The University of Southern California’s Annenberg School for Communications recently published the fifth annual edition of its highly authoritative Public Relations Generally Accepted Practices Study, and concluded there is a sharp correlation between where the PR function reports within organizations and its adherence to best practices. The higher up the organizational chart the PR function reported, the better that organization and its PR performed against the 13 best practices the study’s authors identified.
For example, the study said, organizations where the PR function “reported to the C-suite were more likely to utilize a combination of evaluation metrics,” including those yardsticks most valued by executives such as contribution to market share, profitability and sales. “However,” the study continued, “Organizations that reported to marketing were more likely to use only the total number of clips and total number of clips in top tier media” as their evaluative metrics.
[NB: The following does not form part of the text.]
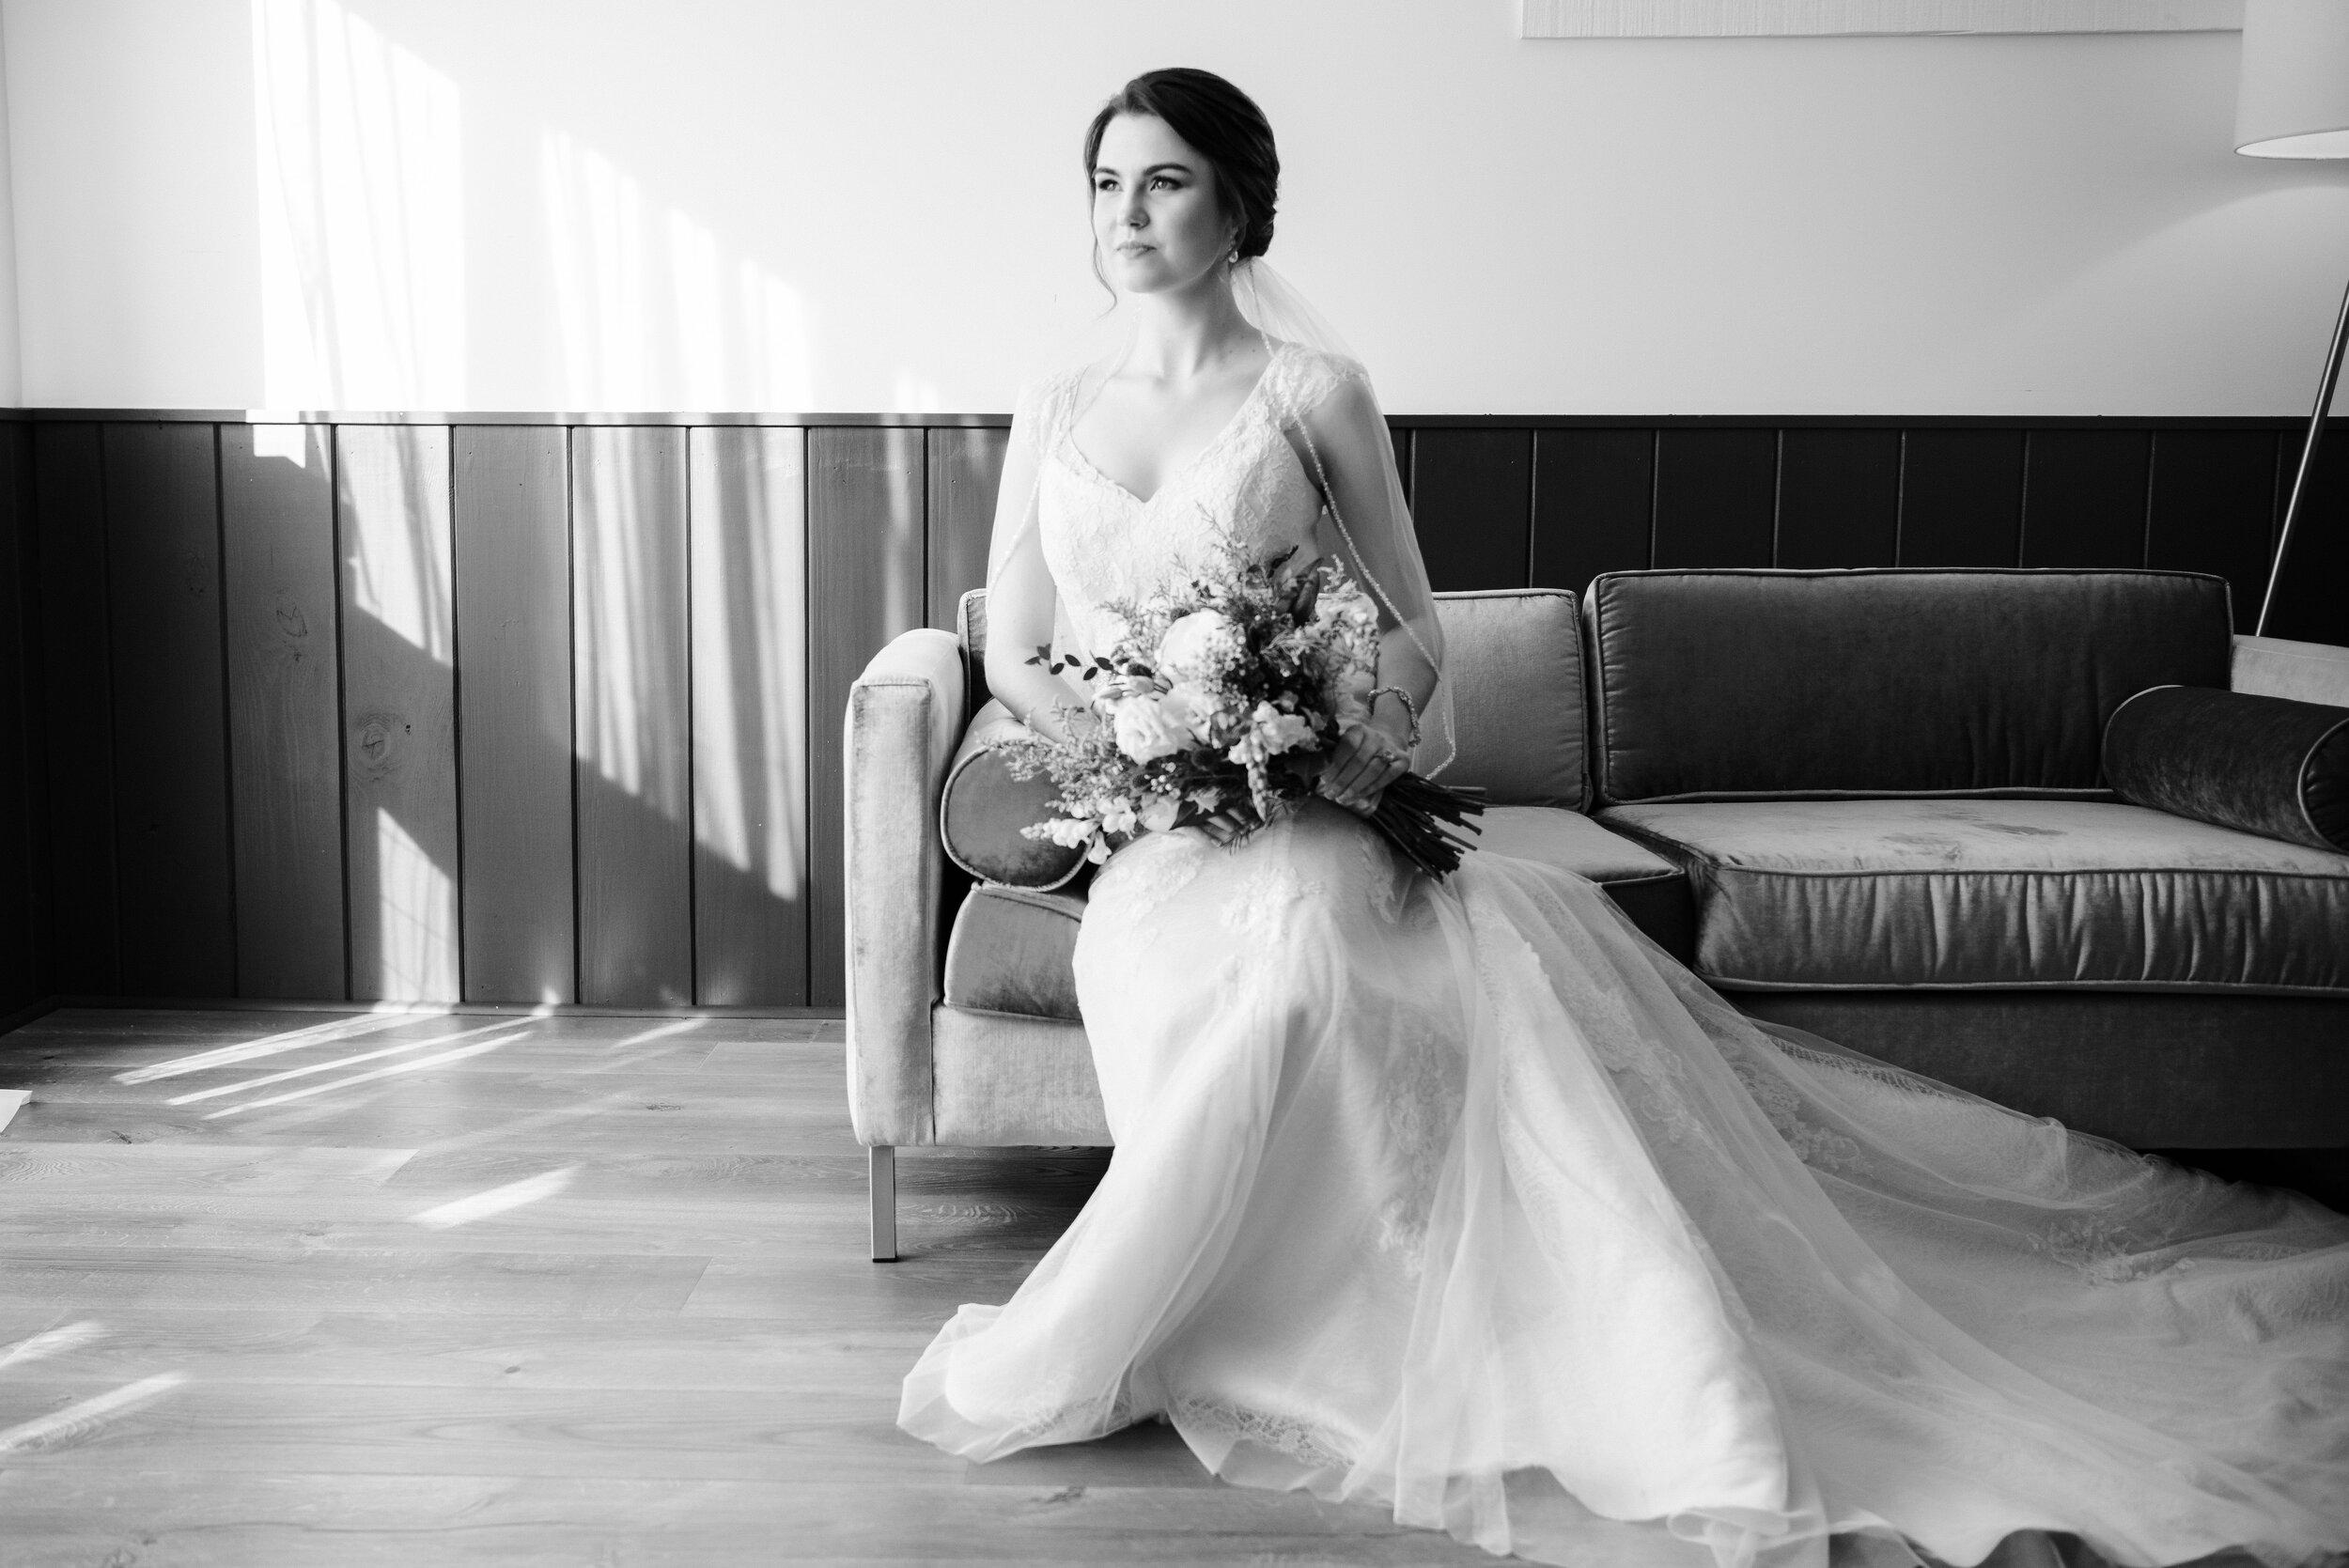 PHOTOGRAPHER: Adrea Thomas Photography -- www.adreathomas.com -- IG: adreathomasphoto  MODELS: Julia —IG: julesblairr

There were many other correlations but a generalization could be made that the higher the PR function reported, the more it was valued, the greater support the PR professionals felt they received, and the better the organization itself performed on questions such as ethical conduct and social responsibility.
Fortunately, the trend towards having PR report to the C-suite is gaining a firm hold, with 64% of the study’s respondents reporting that was the case in their organizations. In 23% of the cases, PR reported to marketing, while the balance reported to human resources, legal, finance and strategic planning.
I have always insisted that PR should report to the highest rung on the organizational ladder and for my entire communications career, I have been a strong advocate of bringing real and meaningful evaluative criteria to PR, a function that for too long has resisted measurement and been allowed to do so. I don’t know what is cause and what it effect in the USC study but it surprises not in the least to learn that there is such a sharp correlation on these indices. A PR practitioner who insists on reporting to her or his most senior executives AND is armed with the strategic vision and evaluative framework necessary to have those executives fully understand, buy into and support the function, is the PR practitioner who will create genuine and quantifiable value with that organization.
So, I ask again, to whom does your PR function report? And what does it mean for your organization if it doesn’t report to top brass?